I'm in the process of creating concensus sequences, and my specific aim is to remove any ambiguous characters (for reasons that are unimportant to the question).
I couldn't find a simple tool that would do what I want satisfactorily, so I started writing my own (until someone reminded me about HMMs but more on that is a second).
I have the following MSA as a AlignIO object:
>>> print(msa)
SingleLetterAlphabet() alignment with 16 rows and 149 columns
MSTTPEQIAVEYPIPTYRFVVSLGDEQIPFNSVSGLDISHDVIE...QAA PAU_02775
MSTTPEQIAVEYPIPTYRFVVSIGDEQIPFNSVSGLDISHDVIE...QAA PLT_01696
MSTTPEQIAVEYPIPTYRFVVSIGDEQVPFNSVSGLDISHDVIE...QAA PAK_02606
MSTTPEQIAVEYPIPTYRFVVSIGDEKVPFNSVSGLDISHDVIE...QAA PLT_01736
MTTTT----VDYPIPAYRFVVSVGDEQIPFNNVSGLDITYDVIE...QAA PAK_01896
MATTT----VDYPIPAYRFVVSVGDEQIPFNSVSGLDITYDVIE...QAA PAU_02074
MSVTTEQIAVDYPIPTYRFVVSVGDEQIPFNNVSGLDITYDVIE...QAA PLT_02424
MTITPEQIAVDYPIPAYRFVVSVGDEKIPFNNVSGLDVHYDVIE...QAP PLT_01716
MAITPEQIAVEYPIPTYRFVVSVGDEQIPFNNVSGLDVHYDVIE...QAA PLT_01758
MSTSTSQIAVEYPIPVYRFIVSIGDDQIPFNSVSGLDINYDTIE...QAV PAK_03203
MSTSTSQIAVEYPIPVYRFIVSVGDEKIPFNSVSGLDISYDTIE...QAV PAU_03392
MSITQEQIAAEYPIPSYRFMVSIGDVQVPFNSVSGLDRKYEVIE...QVP PAK_02014
MSITQEQIAAEYPIPSYRFMVSIGDVQVPFNSVSGLDRKYEVIE...QVP PAU_02206
MSTTADQIAVQYPIPTYRFVVTIGDEQMCFQSVSGLDISYDTIE...EFH PAK_01787
MSTTADQIAVQYPIPTYRFVVTIGDEQMCFQSVSGLDISYDTIE...EFH PAU_01961
MSTTVDQIAVQYPIPTYRFVVTVGDEQMSFQSVSGLDISYDTIE...EFH PLT_02568
*
(Note the asterisk I've added for the moment).
If I build a concensus with hmmemit -c
("majority-rule consensus sequence"), I get the following sequence:
>hmmemit-consensus *
MSTTAEQIAVEYPIPTYRFVVSVGDEQIPFNSVSGLDISYDVIEYKDGVGNYYKMPGQRQ
AINITLRKGVFSGDTKLFDWINSIQLNQVEKKDISISLTNEAGTEILLTWSVANAFPTSL
TSPSFDATSNEVAVQEISLTADRVTIQAA
At column 23 (22 if zero based) (the asterisk), hmmemit
places a Valine (V
).
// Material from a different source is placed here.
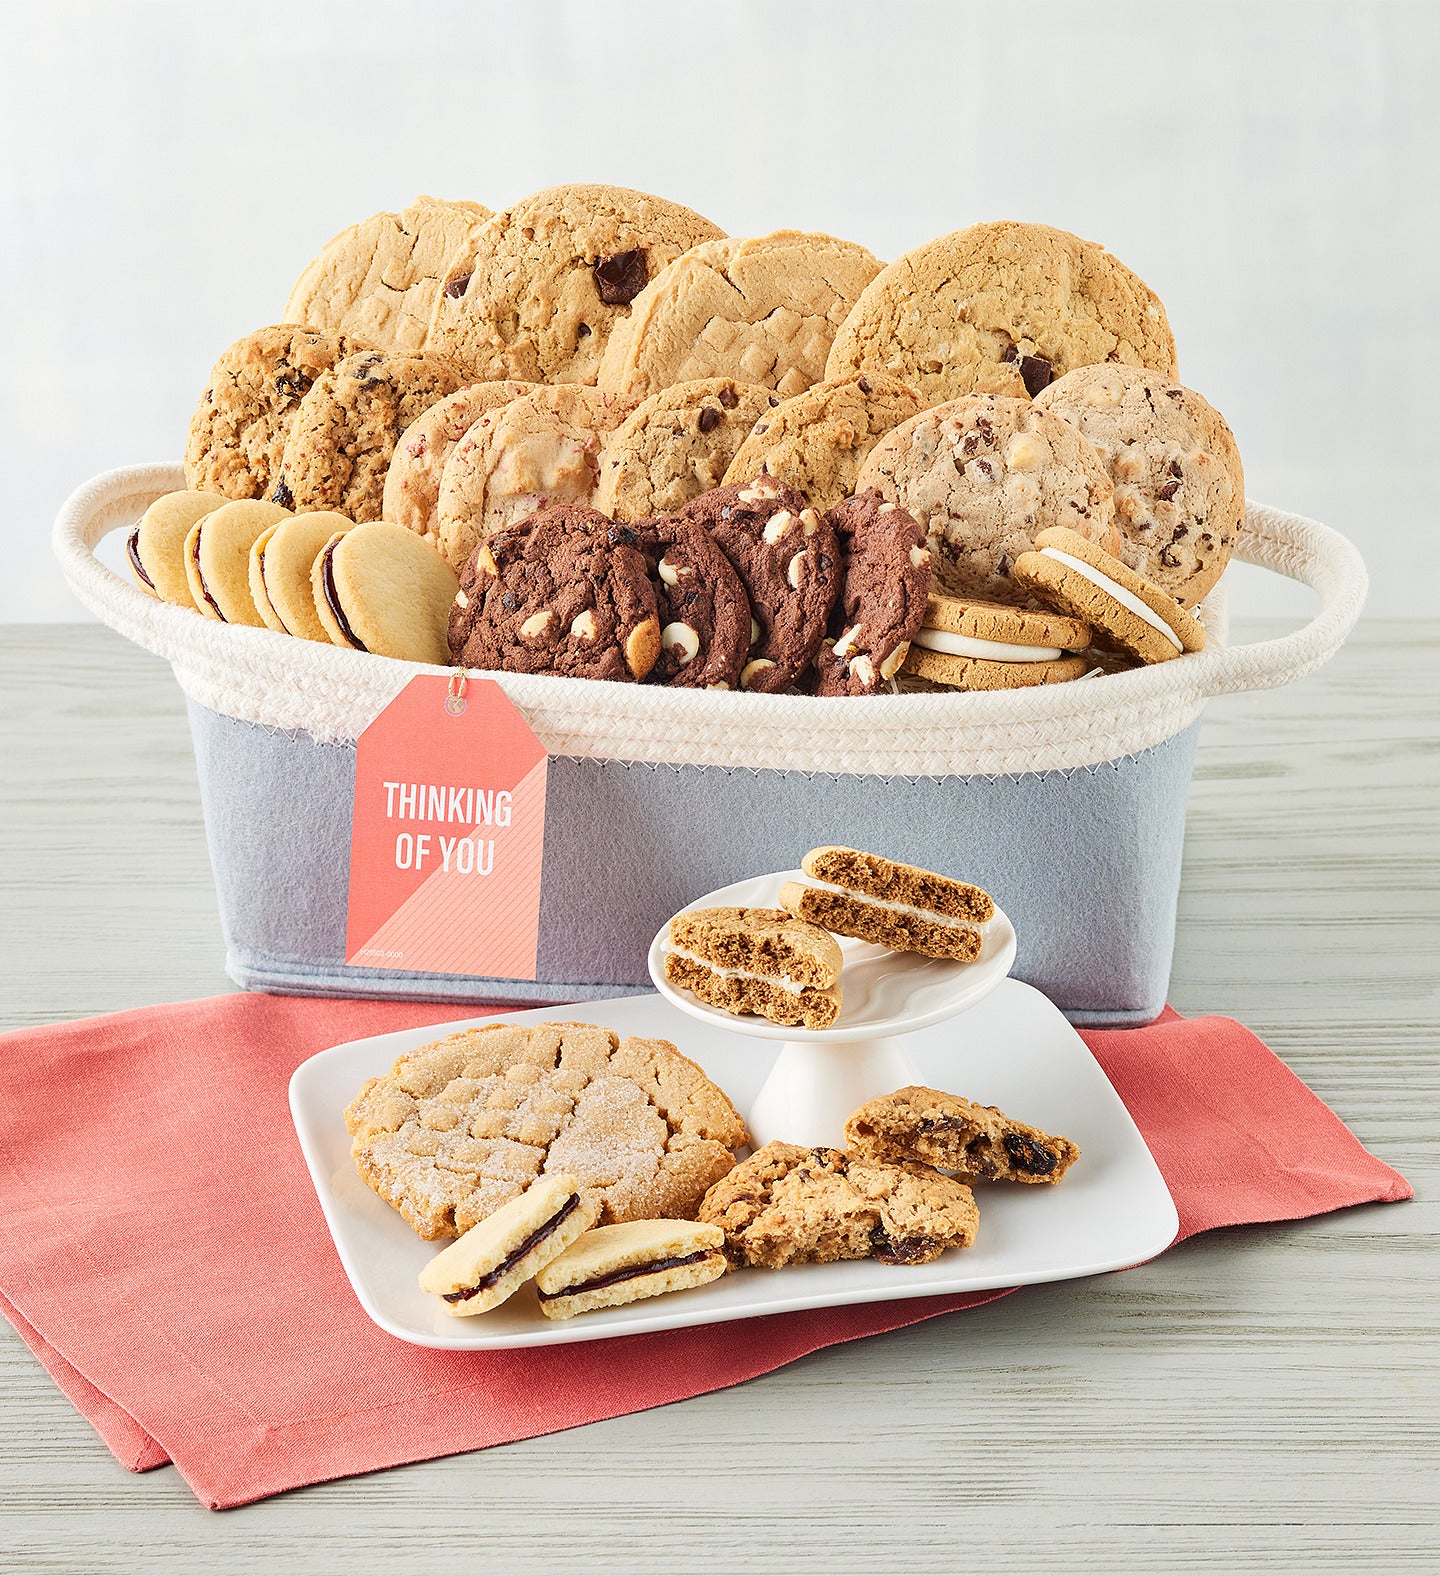 How to Make a Cookie Baking Gift Basket

My own tool however, places an Isoleucine (L
).
Part of my process is to use collections.Counter
to score the string, and in that column, I
occurs 8 times, and V
7 times. Why is hmmemit
choosing a lower frequency amino acid?
Basic process of my script (relevant parts only):
def enumerate_string(string):
"""Returns the most common characters of a string. Multiple characters are returned if there are equally frequent characters."""
from collections import Counter
counts = Counter(string)
keys = []
for key, value in counts.iteritems():
if value == max(counts.values()):
keys.append(key)
return keys
>>> msa = AlignIO.read('myalignment.fasta', 'fasta')
>>> msa_summary = AlignInfo.SummaryInfo(msa)
>>> Counter(msa_summary.get_column(22))
Counter({'I': 8, 'V': 7, 'L': 1})
>>> enumerate_string(msa_summary.get_column(22))
['I']
This clearly shows that Isoleucine is the most common, so why doesn't hmmemit
choose it?
Thanks Sean, that makes a lot of sense. I figured it was probably taking in to consideration positions in the alignment other than just the column in question, but evidently misunderstood what the majority rule was exactly doing.
Just to add a small follow up question, it's important for what I'm doing that there are no ambiguous positions in the final consensus sequence. Does
hmmemit
always call an amino acid/base or will it also output ambiguous positions?hmmemit will only output canonical residues (20 aa or 4 nt).